Read about their experiment setup using NewsCatcher and their findings below.
Overview
News is a $150BN industry employing thousands of reporters and journalists to write news articles receiving billions of views. With AI and the rise of large language models, many lower-quality news sites, and some bad actors, have leaned on AI to generate content cheaply, quickly, and at scale. Because AI cannot fill a journalist's role, these news sites are limited to repeating info from their training or stealing and rephrasing other outlets' articles.
Inauthentic content has also been proven to be less desirable and less visited by online viewers. From a recent blog post, we cited research conducted by NP Digital which firmly found that online readers preferred and prioritized human generated articles. Specifically:
- Readers spent 93% more time on page with human-written content than on purely AI-generated content.
- Readers were 3.6x more likely on average to visit human articles than those that were AI generated.
These AI publications exist mainly to siphon traffic and potential ad revenue away from authentic news content, and serve as part of a growing content farming operation that captured 21% of ad impressions and more than $10BN last year in 2023.
Knowing the threat and potential damages incurred by this rise of inauthentic news, we wanted to quantify the actual scale of this problem.

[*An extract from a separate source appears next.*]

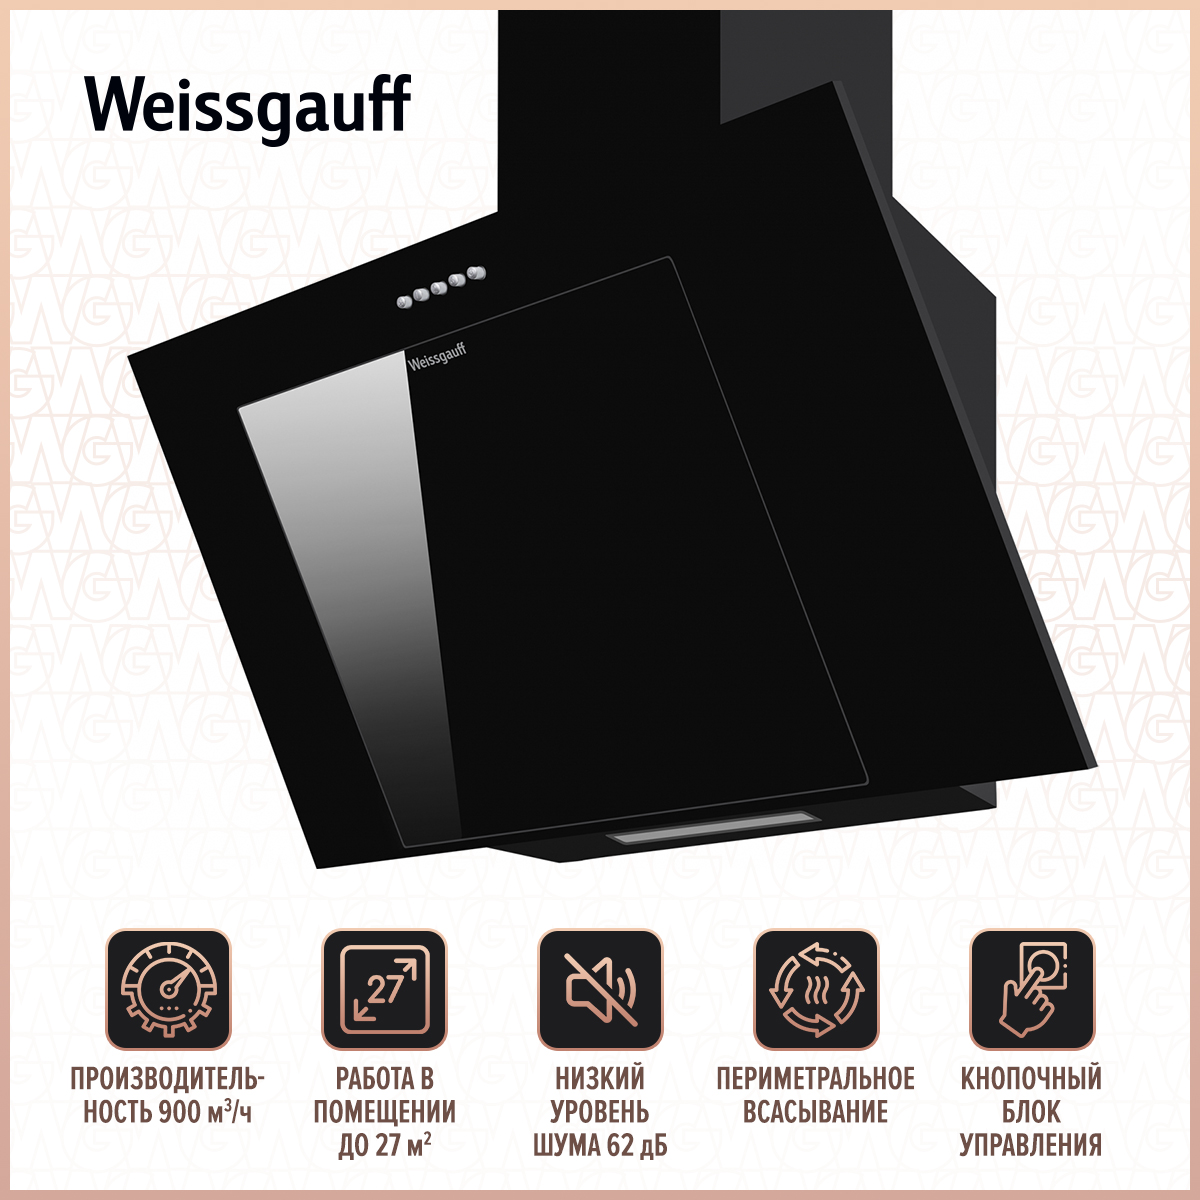 Вытяжка настенная Weissgauff Sigma 60 PB BL Black вытяжка встраиваемая weissgauff dubhe 60 pb bl black

We collaborated with NewsCatcher to classify a given day’s sample of globally published news.
Experiment Setup
We began by first compiling a collection of all the news in the world published on July 1, 2024.
NewsCatcher’s API is the most exhaustive source of daily published, global news articles, with over 75,000 sources and serving large enterprise organizations. Their technology allowed us to query the full text of articles published from around the world - written in different languages and covering a broad range of topics.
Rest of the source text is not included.